The next day Muir called from Duluth and said that he was coming up to Grand Marais to visit with his girlfriend Katelyn and go hiking on the North Country Trail. We had a nice visit and evening with all of us together. In the early afternoon Muir and Katelyn left and went to a section of the trail for camping and hiking. We had a fun time getting to know Kate's village a bit better and having a fun time doing a bit of shopping (something I ordinarily dislike) with a purchase of a sale dutch oven and a couple of books. Ordered out pizzas from "Sven and Ole's " and made trout chowder.
We drove Matt in to Duluth for his bus ride back to U of M in the Twin Cities. Walked the trails at Gooseberry Falls on the way. We also went up to the Miller Hill mall to buy him some needed clothes at special discounted holiday prices... ain't consumerism wonderful?
We had left our dog Gabe back in Houghton in a cold kennel that a friend had. He is much more capable of living outdoors than Dixie, Muir's short haired Staffordshire terrier. Dixie couldn't really be left in an unheated place and in order to put them in a commercial kennel, dogs need to have a kennel cough shot, which Dixie doesn't have. So she came along with us.She actually did very well on the trip.
It was great to see Kate's living and work environment, to have Thanksgiving in her little cabin and with all 5 of us together it was very special.

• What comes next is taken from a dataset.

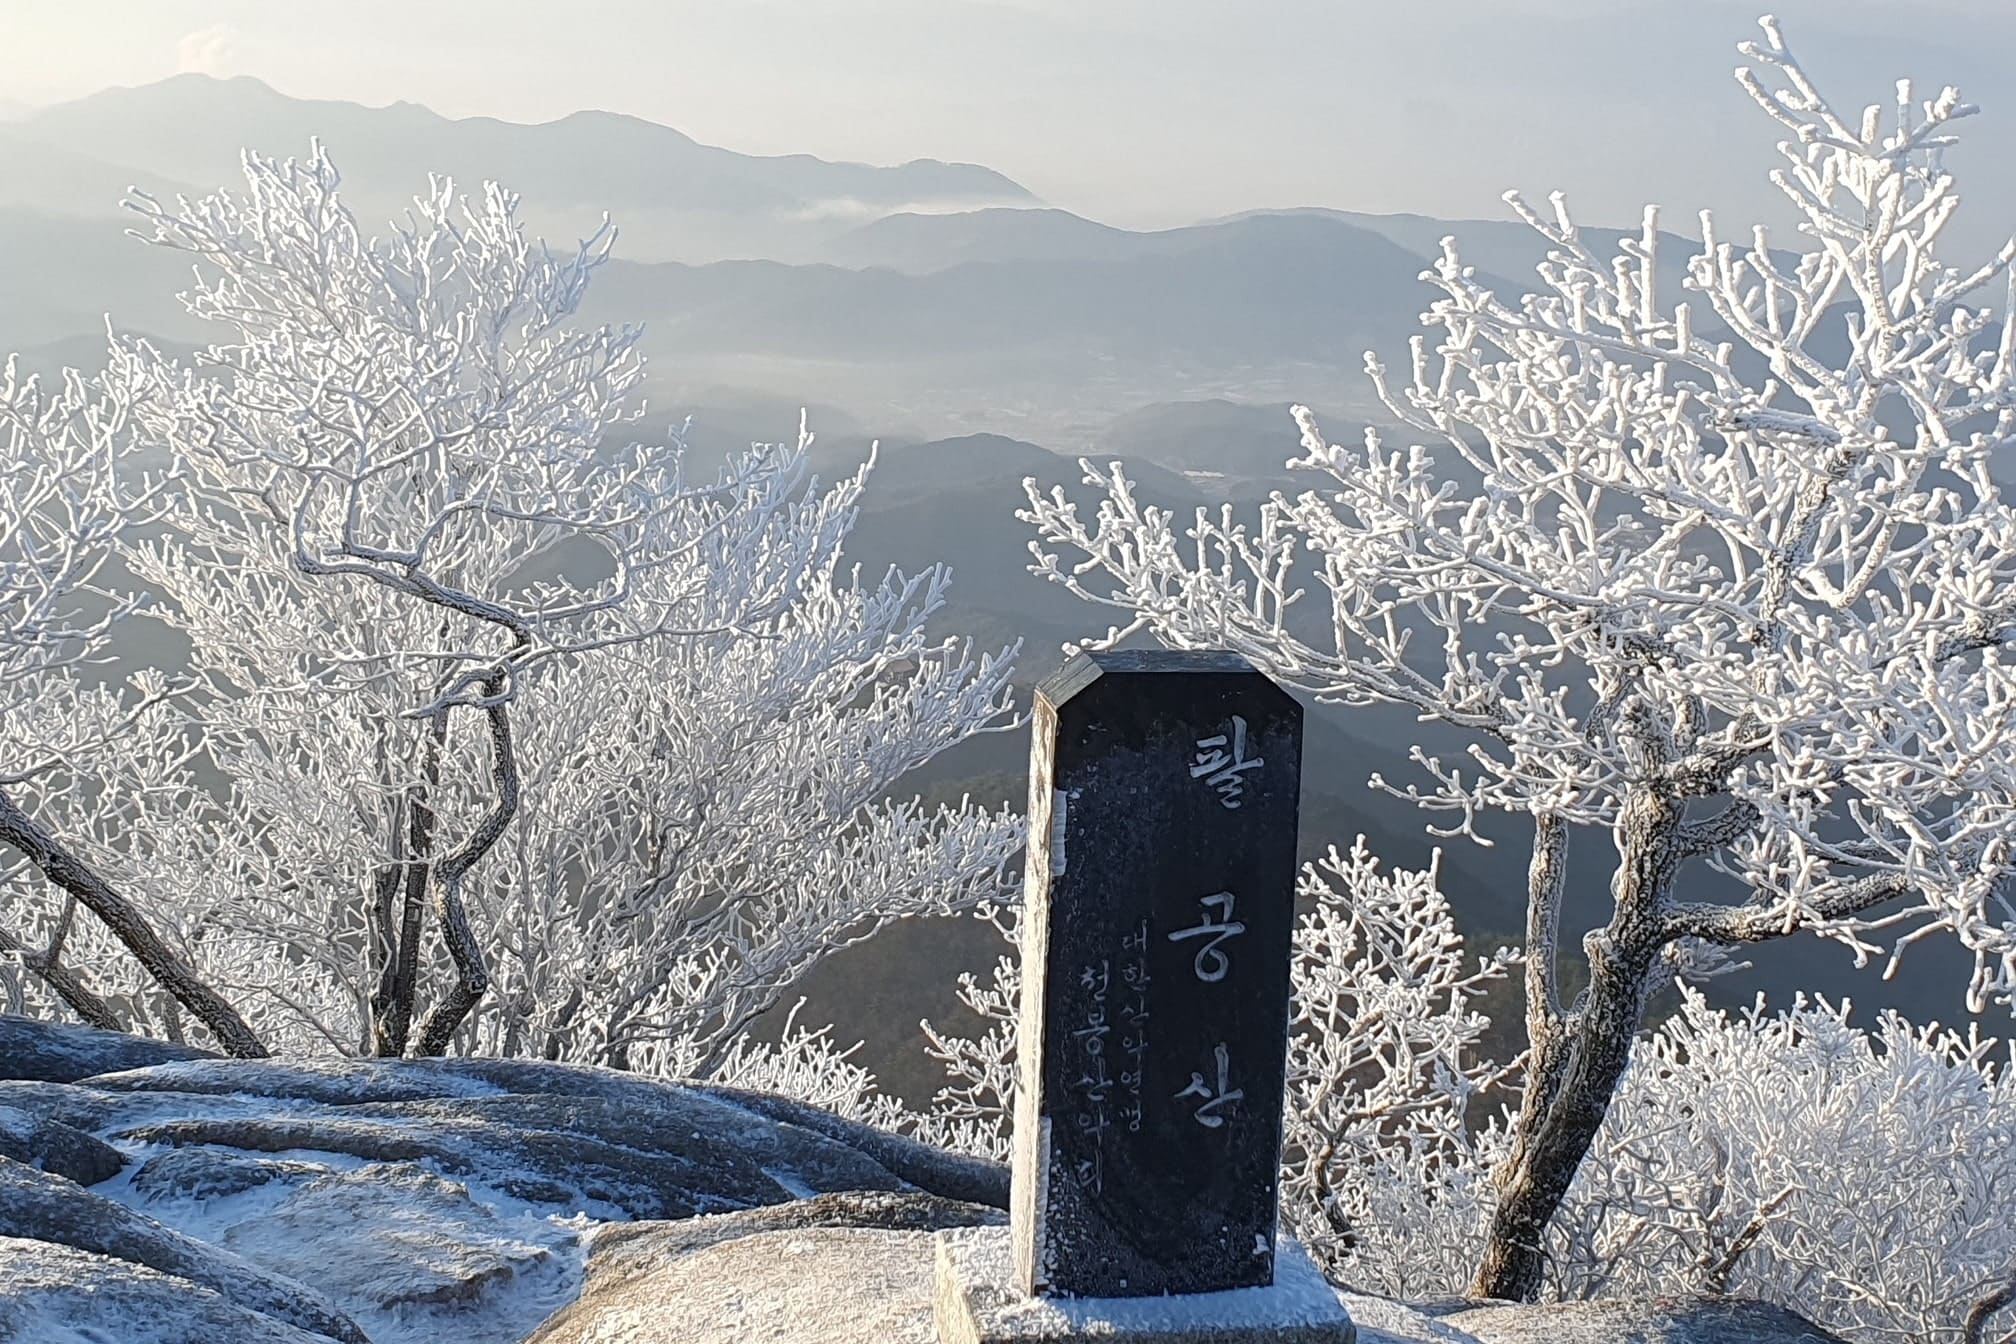 Holiest Mountain in Korean Buddhism Enshrined as South Korea’s 23rd National Park

Within a couple of days of getting back to the U P we started to get snow and that has been the story now for weeks! As a skier friend of mine said recently: "This winter is like they all used to be."



Lynn, Kate and Dixie along Lake Superior. We were out for a walk after a Thanksgiving feast.



Matt, Muir and Kate at Kate's cabin above Lake Superior, about 3 miles out of Grand Marais, Minnesota. Thanksgiving, 2007.